Aim of the exercise ▸ Write each line out exactly, from the one containing "The Rowling Library" through the final line of the data, and keep pictures out of the copy.

Source material ▸
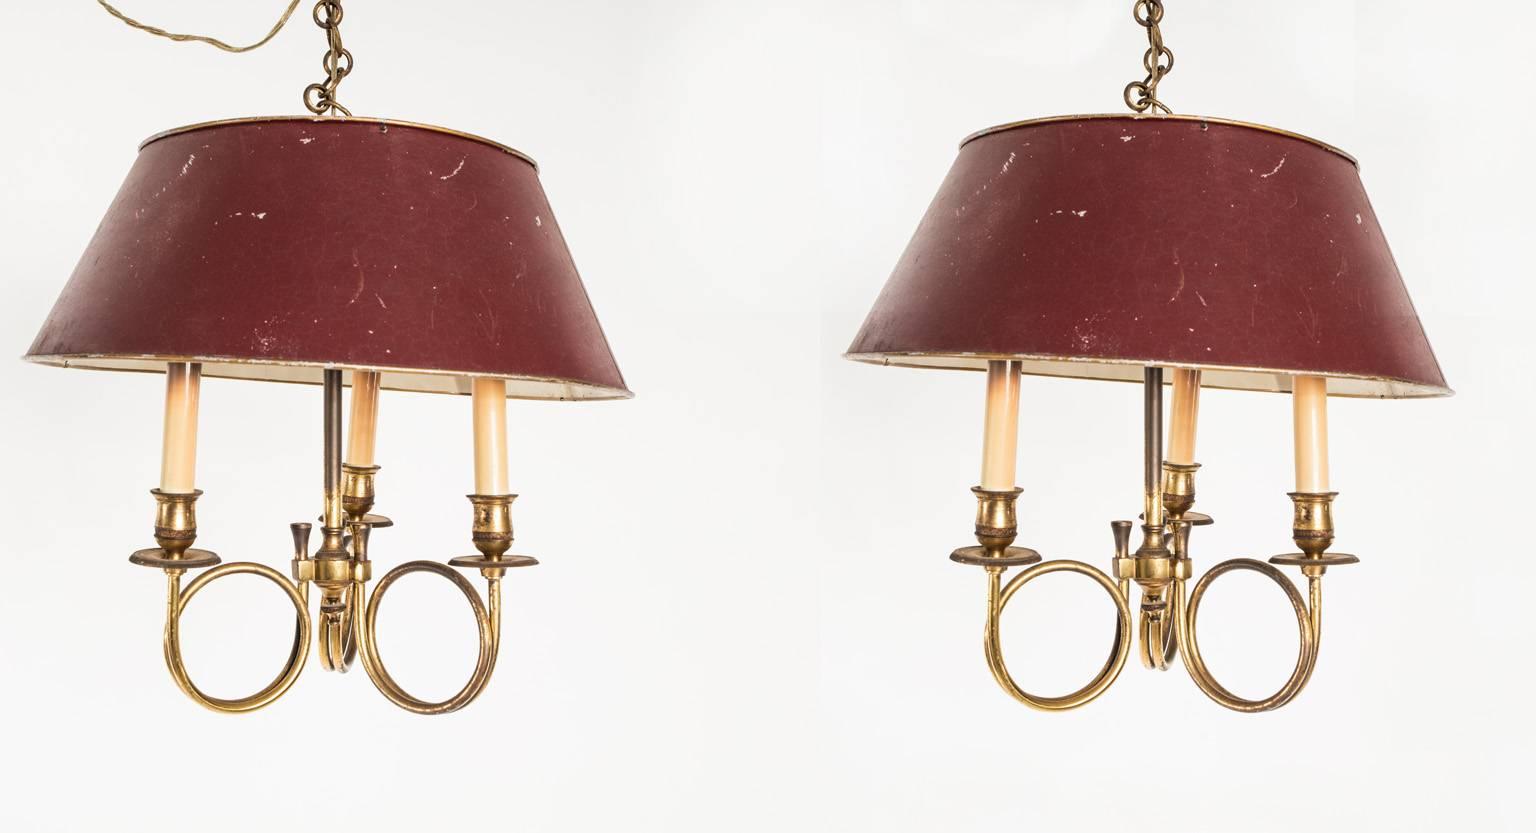 Pair of brass light fixtures with burgundy colored shades.
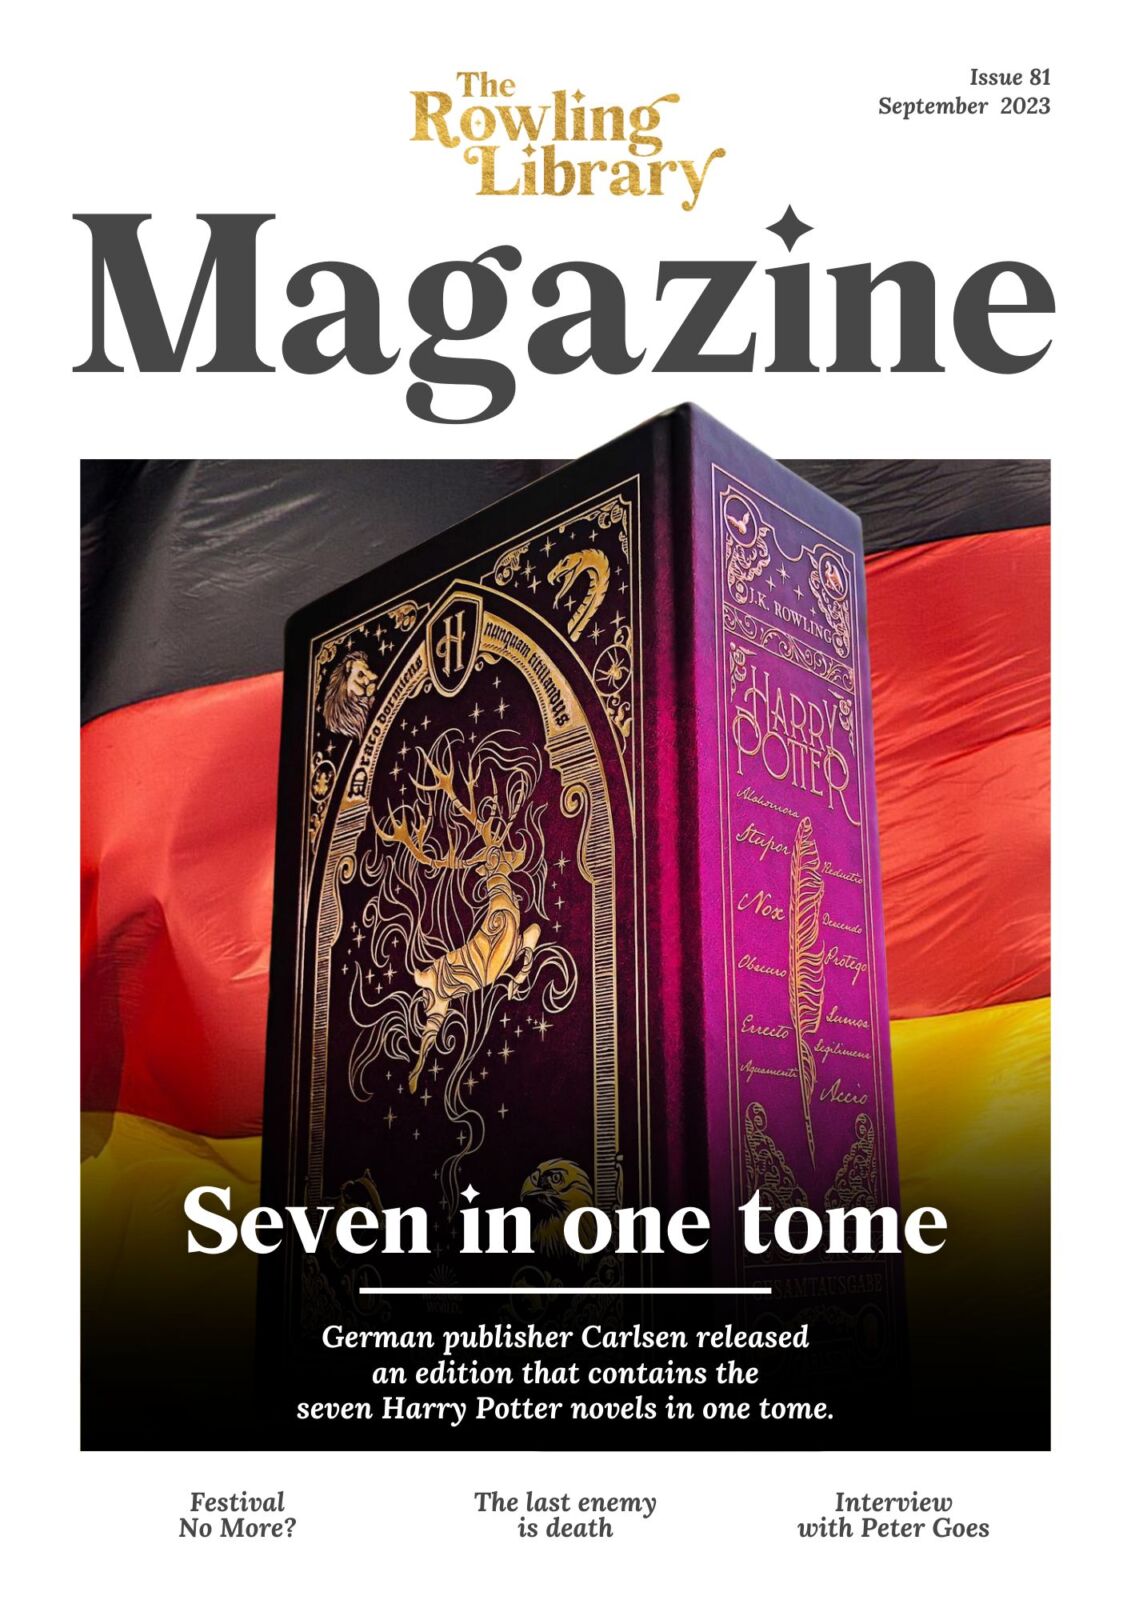 The Rowling Library Magazine #81 (September 2023): Seven in one tome
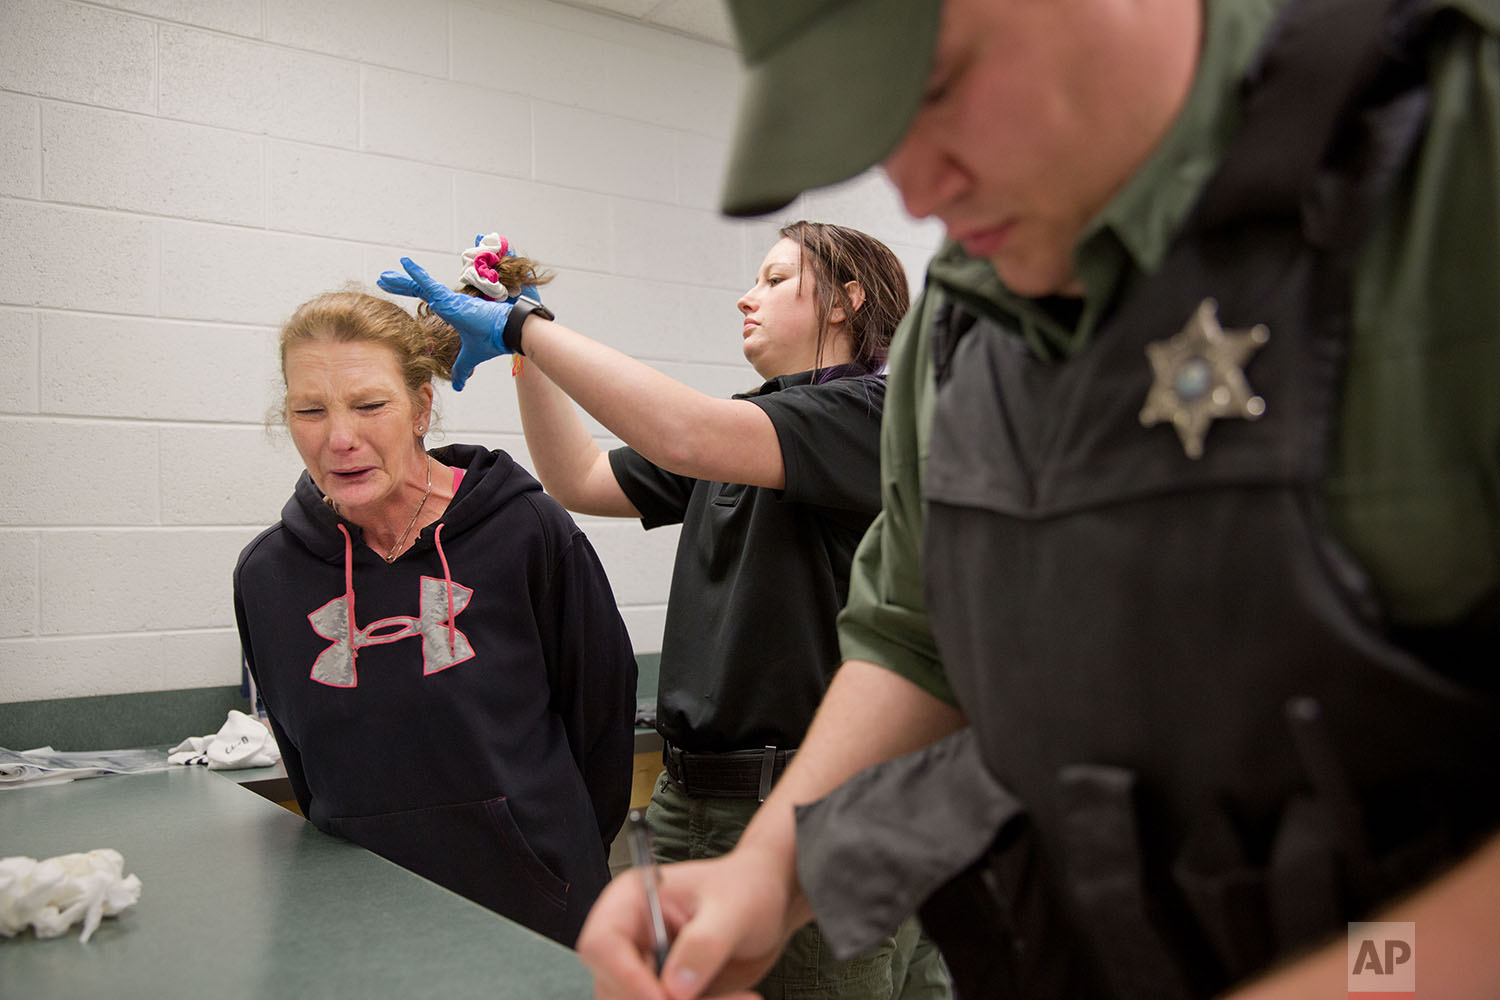  Linda Green, 51, who has struggled with drug addiction, cries as she's booked into the Campbell County Jail after being arrested on charges of public intoxication, a parole violation, in Jacksboro, Tenn., Thursday, March 29, 2018. (AP Photo/David Go

Written solution ▸
 The Rowling Library Magazine #81 (September 2023): Seven in one tome
  Linda Green, 51, who has struggled with drug addiction, cries as she's booked into the Campbell County Jail after being arrested on charges of public intoxication, a parole violation, in Jacksboro, Tenn., Thursday, March 29, 2018. (AP Photo/David Go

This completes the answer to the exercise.